- News & Views
- Events & Publications
Generally, in accordance with concluded contracts on avoiding double taxation, the profits from the immovable property are taxed in the state the real estate is located in. Generally, these profits should be taxed in the state of the source as well as in the state of the residence. However, in accordance with the concluded contract on avoiding double taxation with Germany, income from immovable property (tenure as well as sale) are taxed in the Czech Republic only, because the profits are exempt from taxation in accordance with the contract on avoiding double taxation in Germany.
In the Czech Republic, the corporate income tax rate is 19 % and the tax base are based on the profits after the deduction of the related costs. The value of the immovable property cannot be applied in the costs on a one time basis, but it enters into the costs via amortisations (30 or 50 years according to the type of the immovable property and it is possible to choose an amortisation, which is a uniform or an accelerated one).
By correctly structuring the ownership of the immovable property and transactions, it is possible to significantly reduce the burden of taxation of the relevant transactions from the corporate income tax point of view as well as the value added tax or the tax on the acquisition of immovable property in the Czech Republic.

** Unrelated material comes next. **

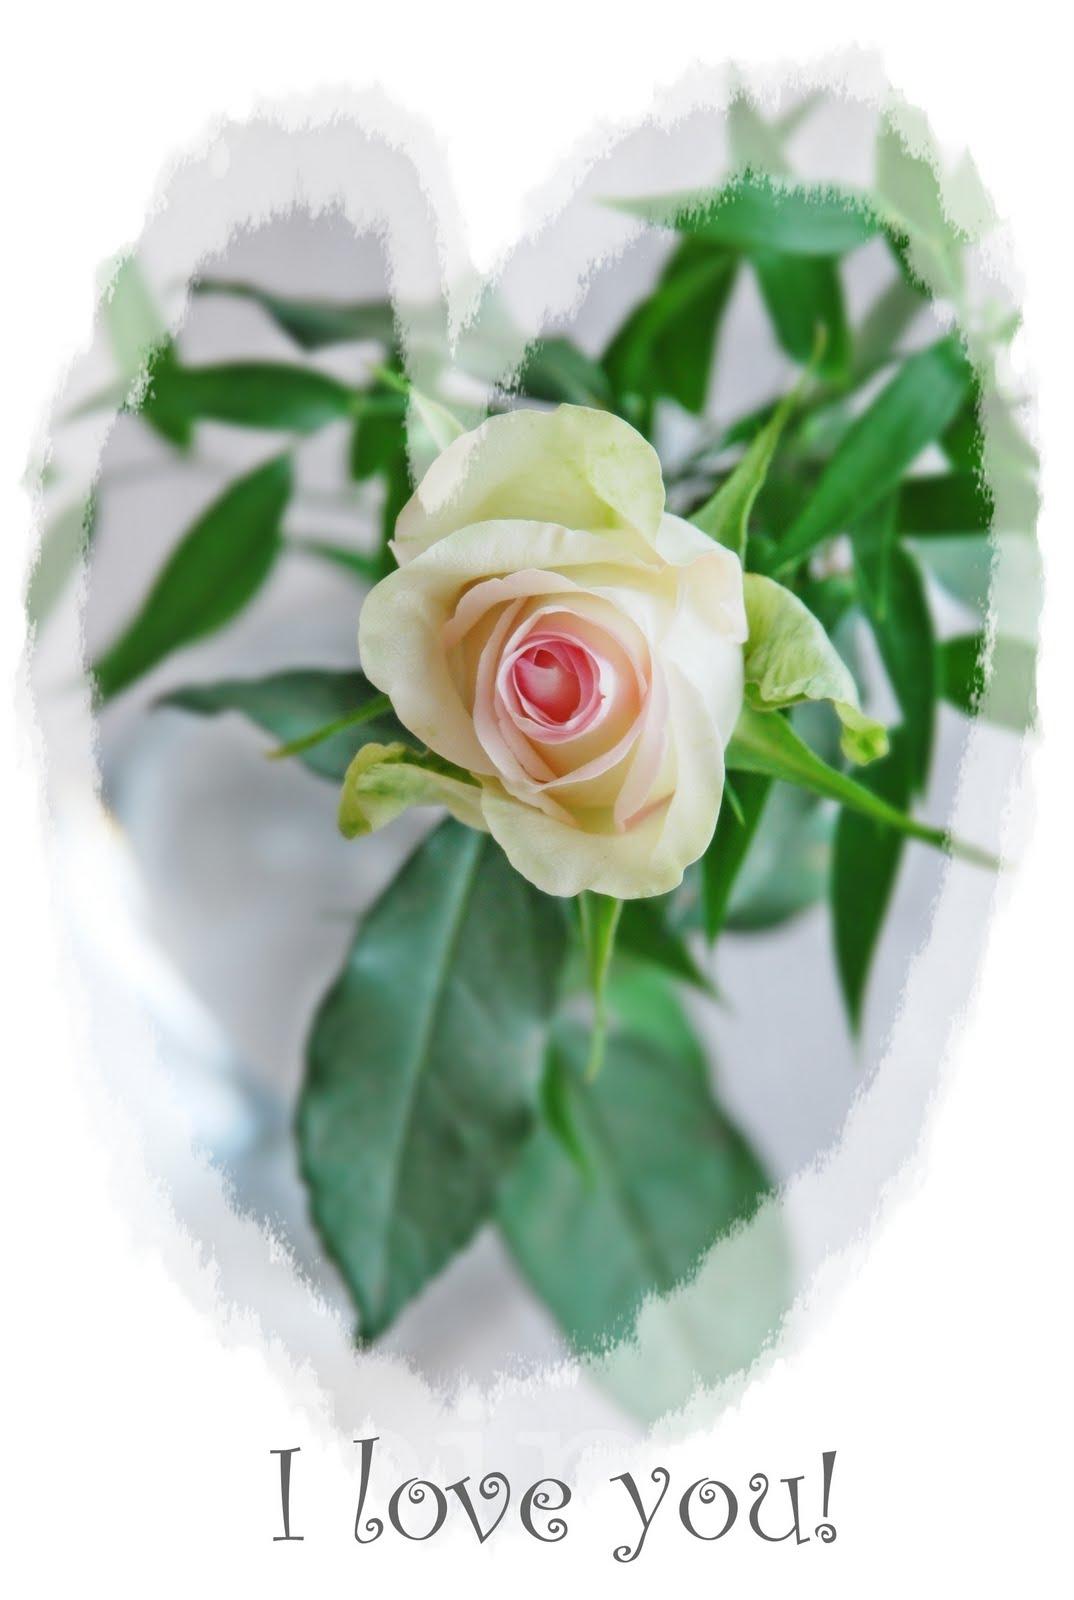 bröllopsdag 10 år present 10 år av lycka och kärlek bröllopsdag 10 år present

The sales of shares in companies are not subject to VAT and if this sale is made after 12 months of holding a share in a subsidiary, the related income is exempted from corporate income tax. Generally, mergers or spin-off are a tax neutral transaction and if the conditions are met, it is possible to take over the tax losses that occurred previously.

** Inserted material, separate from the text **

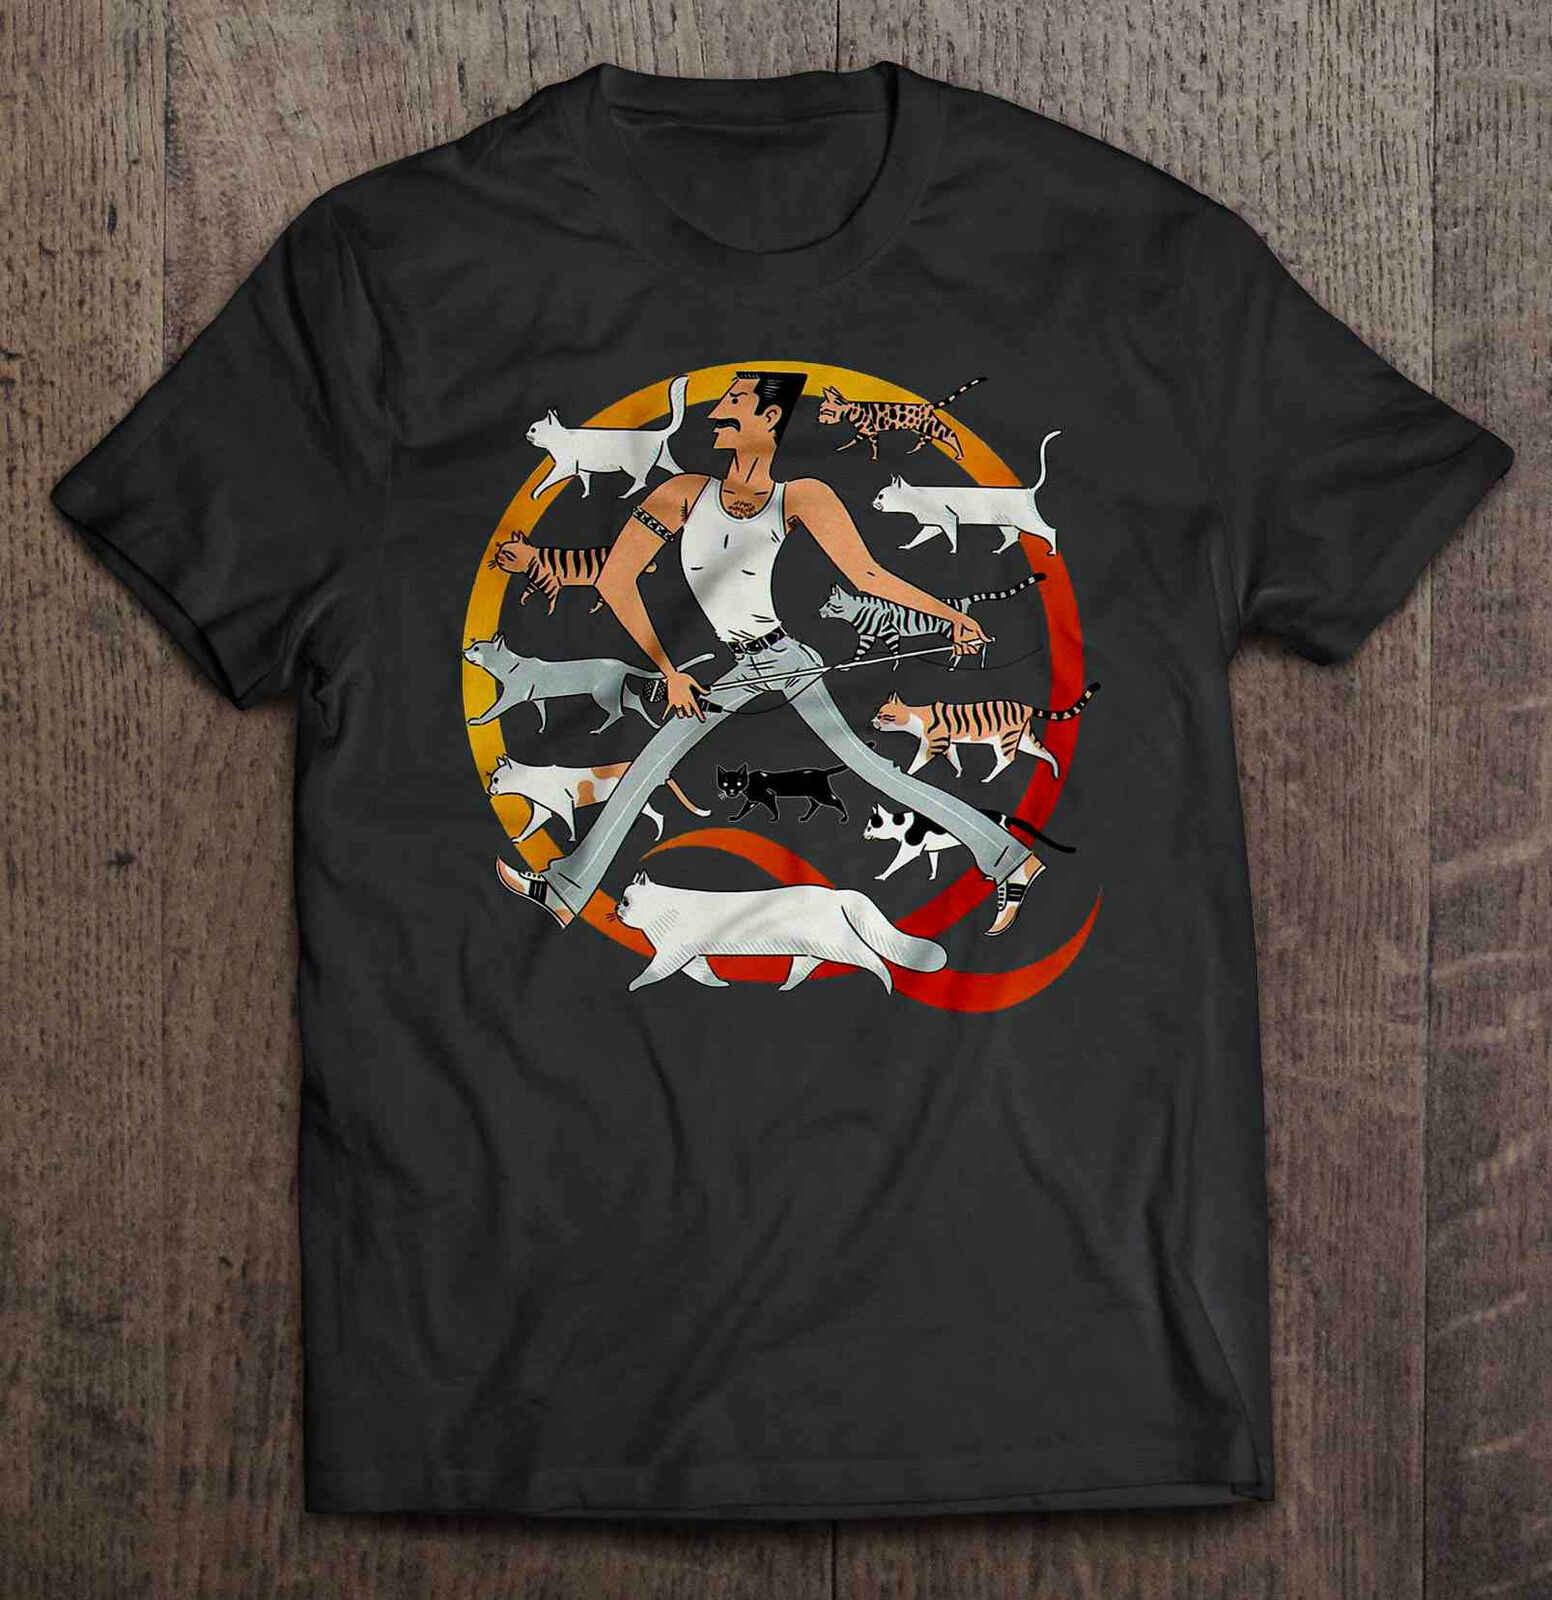 フレディマーキュリー 猫 シャツ

Within the transfer of immovable property, the tax on the acquisition of immovable property is a significant cost, because it amounts to 4 % of the purchase price of the immovable property (it is compared with the market price), the acquirer is the taxpayer. In some cases, it is possible to eliminate this tax (i.e., transfer, merger or spin-off the company, which owns the immovable property).
In many cases, direct ownership of the real estate or real estate holding company owning the immovable property can be preferred by an individual. When the income from the property rental and the related property is not intended for business, the income tax rate of natural person in the Czech Republic is taxed at 15 % from the amount of income after the deduction of the related expenses (including the possibilities of amortisation of the relevant immovable property). From that income, social as well as health insurance is not paid.
By correctly structuring an investment, it is possible to eliminate the income tax from natural persons as well as value added tax in the Czech Republic – by selling an immovable property, the income does not have to be taxed in the Czech Republic as well as in Germany (for example, after 5 years of ownership). In case of a transfer of the share to a company, this income can be exempted after 5 years of ownership in the Czech Republic. At this moment, the immovable property can be moved into the holding structure without tax impacts within the income tax scheme of the Czech Republic.
The sale or deposit of immovable property into a company is always subject to the tax on the acquisition of the immovable property and the acquirer has to pay a tax of 4 % of the purchase price (after comparison with the market price).
The provision on income tax is the same for individuals as well as for legal entities. The sale of immovable property is tax exempt after 5 years from the completion of or from a significant change on this immovable property (whichever comes later). Even after this term, the sale may be subject to VAT, if the seller comes to an agreement with the purchaser. Rental income is exempt from VAT. However, the lessor can decide, in some cases, to apply VAT in the rental agreement. If the output (rent or sale) is subject to VAT, it is possible to apply the related VAT on the input as a deduction. The Czech law applies the term of 10 years for the immovable property, in which the Czech law observes the way the immovable property has been used and, in this term, the previously applied deduction is adjusted.
In the case of a suitable structure, the related sale of the share is, for legal entities, exempt from corporate income tax after one year of ownership in the Czech Republic and this sale of the share is not subject to VAT or tax on the acquisition of the immovable property (as opposed to German adjustments). It makes it possible to suitably transfer the related investments.
For individuals, the sale of the immovable property is exempt from a Czech tax point of view in some cases or the sale of the share in a company after the term of 5 years of ownership.
In all cases, it is necessary to assess the impacts from the international taxation point of view and to assess the adjustment from the state of the investor as well as from the Czech Republic’s point of view. The question of a technical evaluation is complicated and this requires a complete assessment of the relevant situation. The next disadvantage is that it is not possible to transfer an immovable property between an individual and a legal person without paying tax on the acquisition of the immovable property.